This repository is the official implementation of the methods in the publication:
- Severi Rissanen, Markus Heinonen, and Arno Solin (2023). Generative Modelling With Inverse Heat Dissipation. In International Conference on Learning Representations (ICLR). [arXiv] [project page]
The "configs
" folder contains the configuration details on different experiments and the "data
" folder contains the data. MNIST and CIFAR-10 should run as-is with automatic torchvision data loading, but the other experiments require downloading the data to the corresponding data/
folders. The "model_code
" contains the U-Net definition and utilities for working with the proposed inverse heat dissipation model. "scripts
" contains additional code, for i/o, data loading, loss calculation and sampling. "runs
" is where the results get saved at.
The file "requirements.txt" contains the Python packages necessary to run the code, and they can be installed by running
pip install -r requirements.txt
If you have issues with installing the mpi4py
through pip, you can also install it using conda with conda install -c conda-forge mpi4py
.
You can get started by running an MNIST training script with
python train.py --config configs/mnist/default_mnist_configs.py --workdir runs/mnist/default
This creates a folder "runs/mnist/default
", which contains the folder "checkpoint-meta
", where the newest checkpoint is saved periodically. "samples
" folder contains samples saved during training. You can change the frequency of checkpointing and sampling with the command line flags "training.snapshot_freq_for_preemption=?
" and "config.training.sampling_freq=?
".
Once you have at least one checkpoint, you can do sampling with "sample.py
", with different configurations:
Random samples:
python sample.py --config configs/mnist/default_mnist_configs.py
--workdir runs/mnist/default --checkpoint 0 --batch_size=9
Samples where the prior state u_K is fixed, but the sampling noise is different:
python sample.py --config configs/mnist/default_mnist_configs.py
--workdir runs/mnist/default --checkpoint 0 --batch_size=9
--same_init
Samples where the prior state u_K changes, but the sampling noises are shared (results in similar overall image characteristics, but different average colours if the maximum blur is large enough):
python sample.py --config configs/mnist/default_mnist_configs.py
--workdir runs/mnist/default --checkpoint 0 --batch_size=9
--share_noise
Produces an interpolation between two random points generated by the model.

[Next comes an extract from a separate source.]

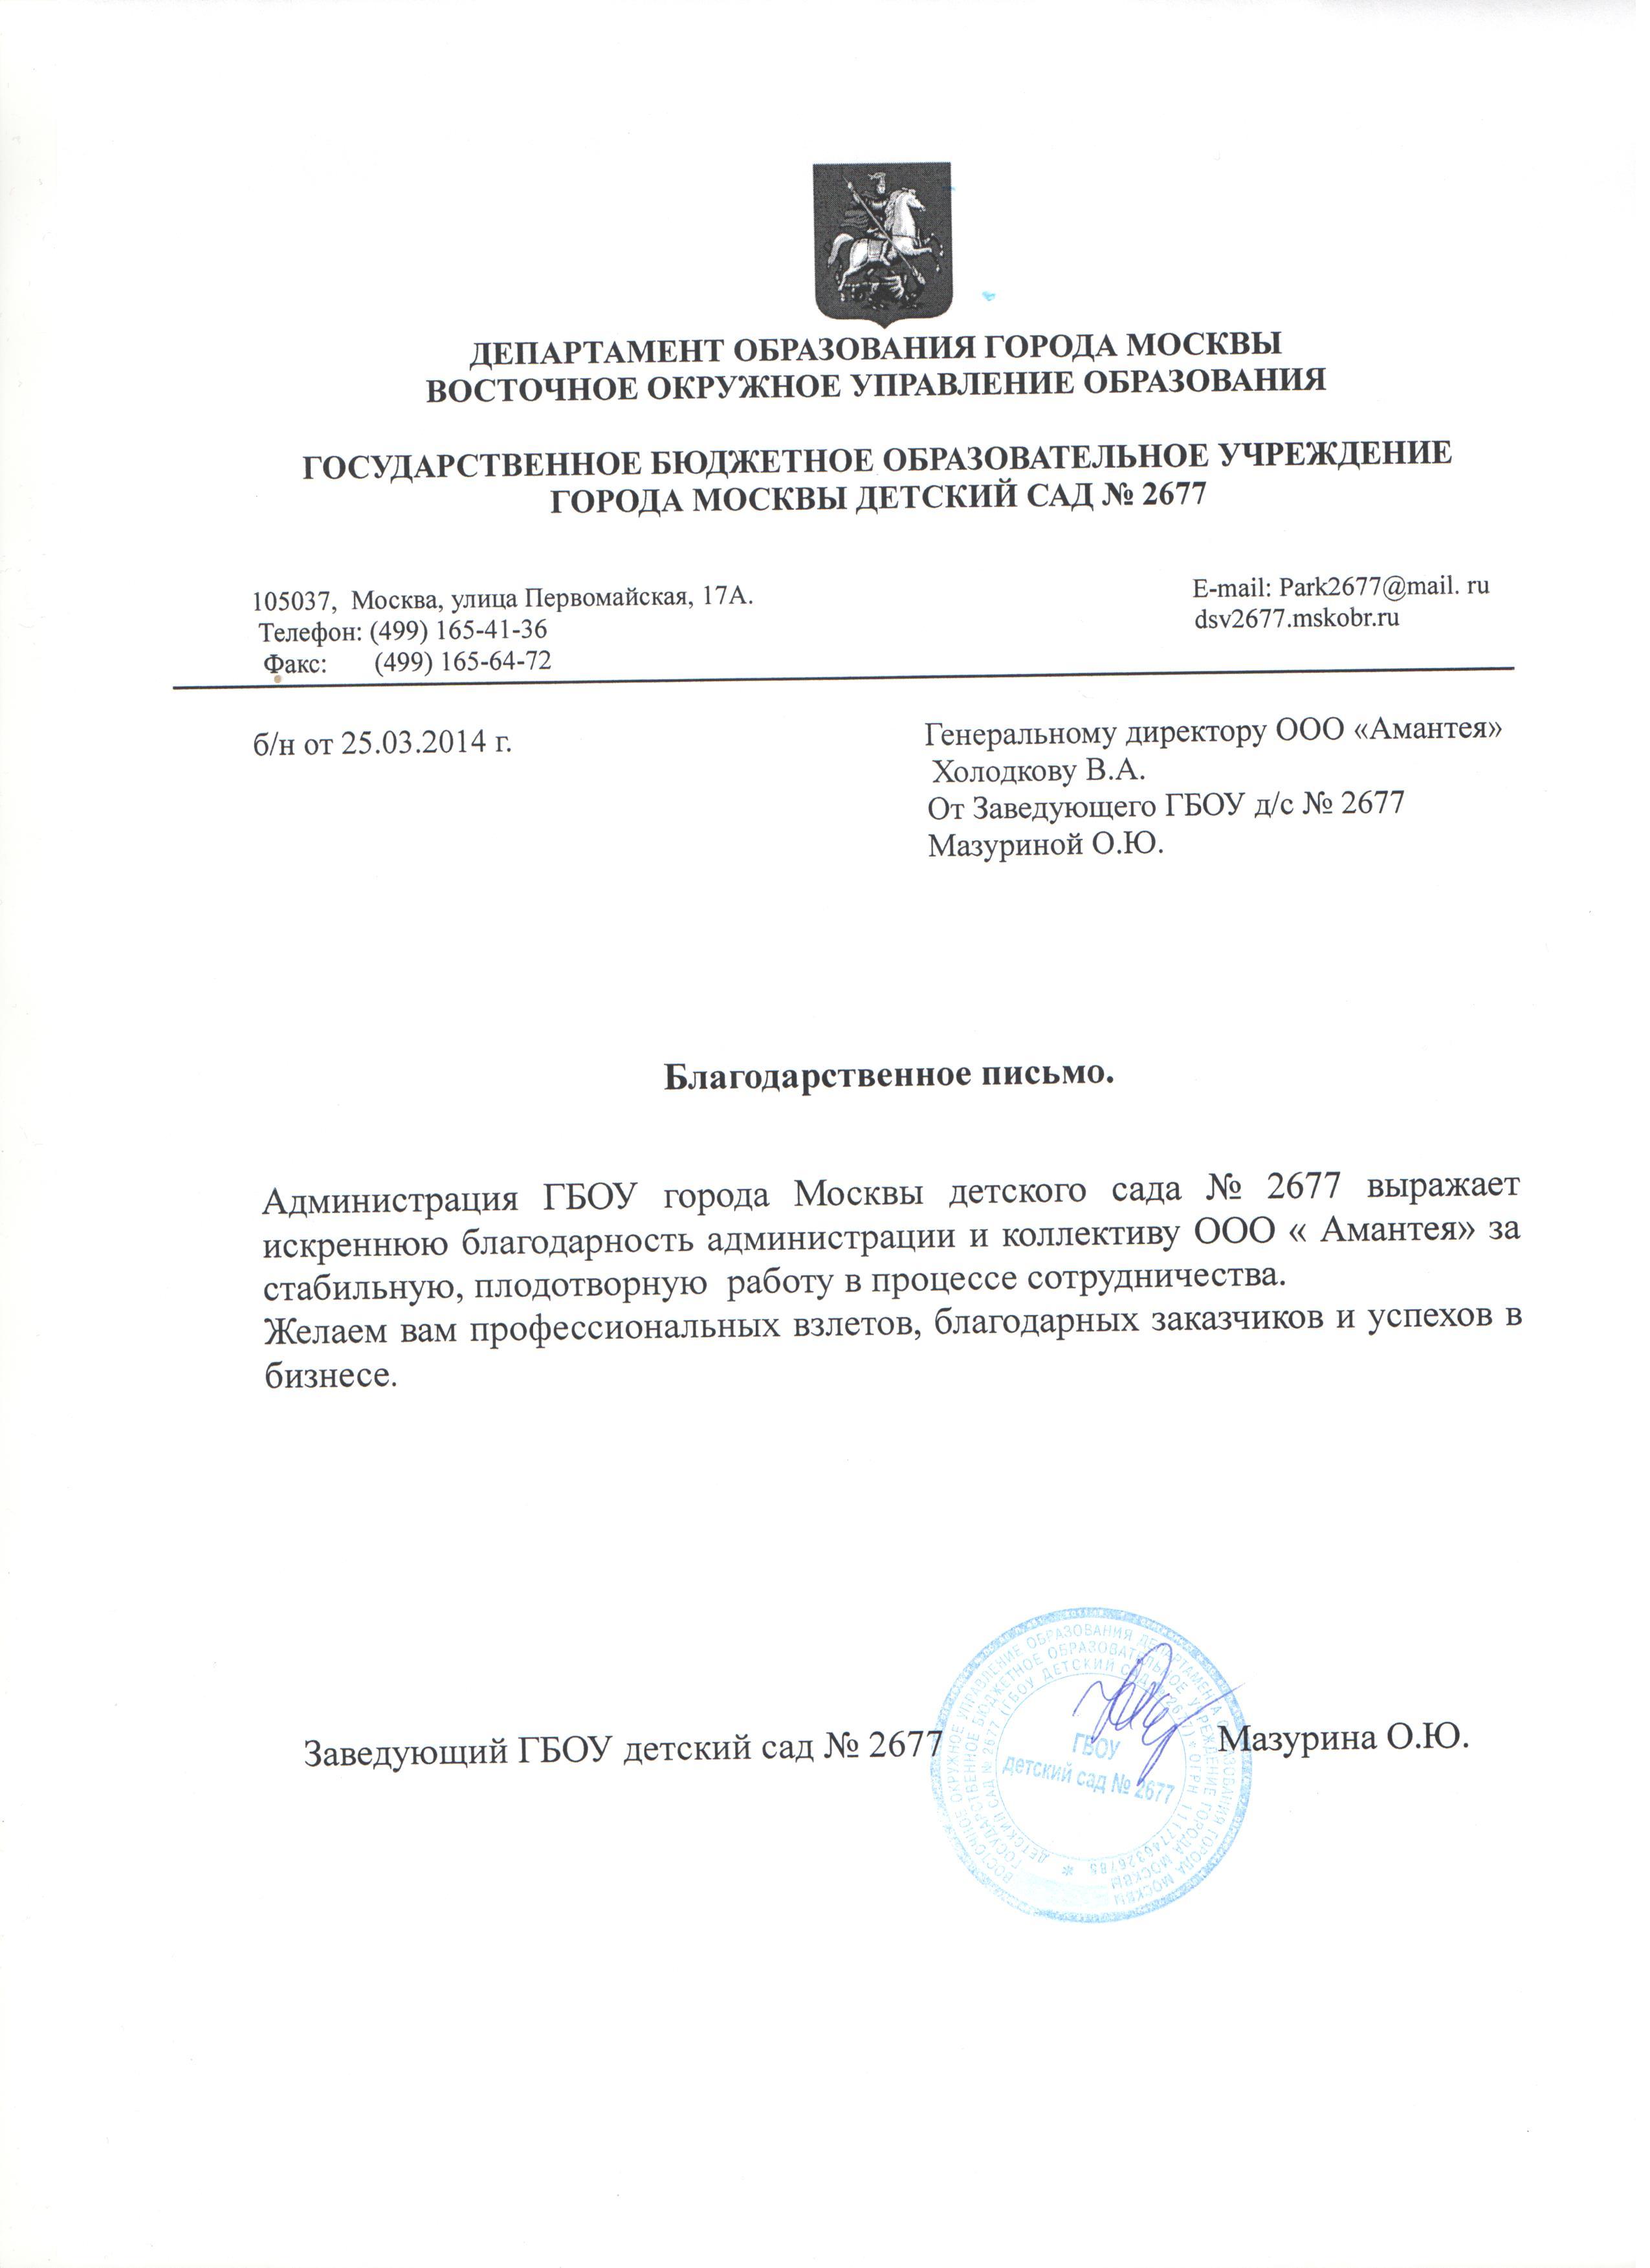 ГБОУ г.Москвы детский сад компенсирующего вида №2677
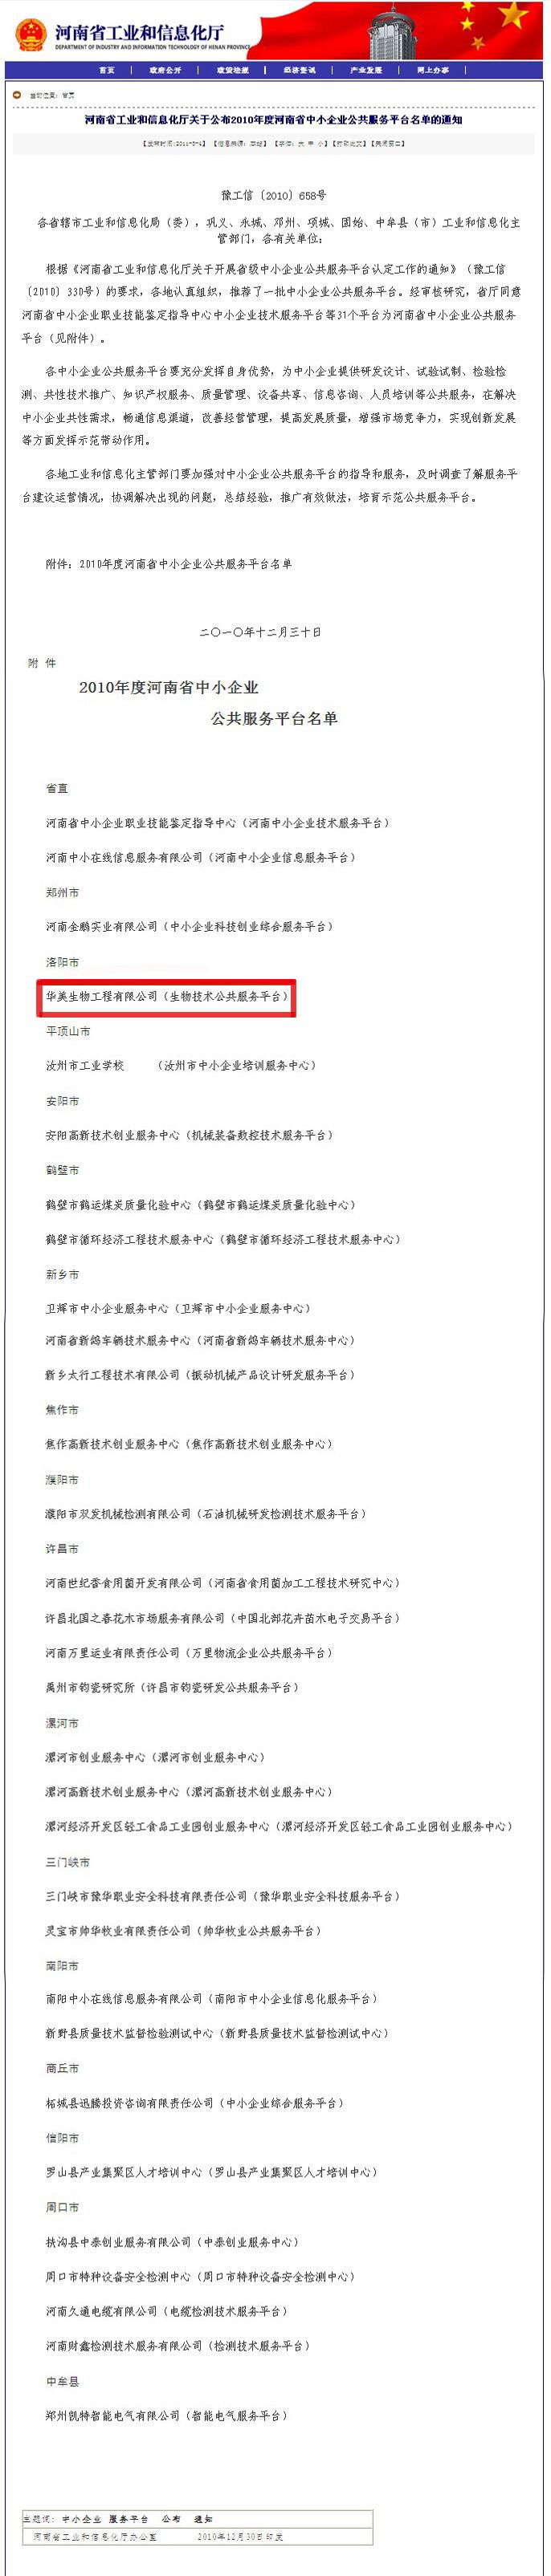 河南省工业和信息化厅关于公布2010年度河南省中小企业公共服务平台名单的通知

python sample.py --config configs/mnist/default_mnist_configs.py
--workdir runs/mnist/default --checkpoint 0 --interpolate --num_points=20
The script "evaluation.py
" contains code for evaluating the model with FID-scores and NLL (ELBO) values. For example, if you have a trained cifar-10 model trained with configs/cifar10/default_cifar10_configs.py
and the result is in the folder runs/cifar10/default/checkpoints-meta
, you can run the following (checkpoint=0 refers to the last checkpoint, other checkpoints in runs/cifar10/default/checkpoints
are numbered as 1,2,3,...):
This assumes that you have clean-fid
installed.
python evaluate.py --config configs/cifar10/default_cifar10_configs.py
--workdir runs/cifar10/default --checkpoint 0
--dataset_name=cifar10
--experiment_name=experiment1 --param_name=default --mode=fid
--delta=0.013 --dataset_name_cleanfid=cifar10
--dataset_split=train --batch_size=128 --num_gen=50000
The result contains a breakdown of the different terms in the NLL.
python evaluate.py --config configs/cifar10/default_cifar10_configs.py
--workdir runs/cifar10/default --checkpoint 0
--dataset_name=cifar10
--experiment_name=experiment1 --param_name=default --mode=elbo
--delta=0.013
The results will be saved in the folder runs/cifar10/evaluation_results/experiment1/
in log files, where you can read them out. The idea in general is that experiment_name
is an upper-level name for a suite of experiments that you might want to have (e.g., FID w.r.t. different delta), and param_name
is the name of the calculated value within that experiment (e.g., "delta0.013" or "delta0.012").
If you use the code in this repository for your research, please cite the paper as follows:
@inproceedings{rissanen2023generative,
title={Generative modelling with inverse heat dissipation},
author={Severi Rissanen and Markus Heinonen and Arno Solin},
booktitle={International Conference on Learning Representations (ICLR)},
year={2023}
}
This software is provided under the MIT license.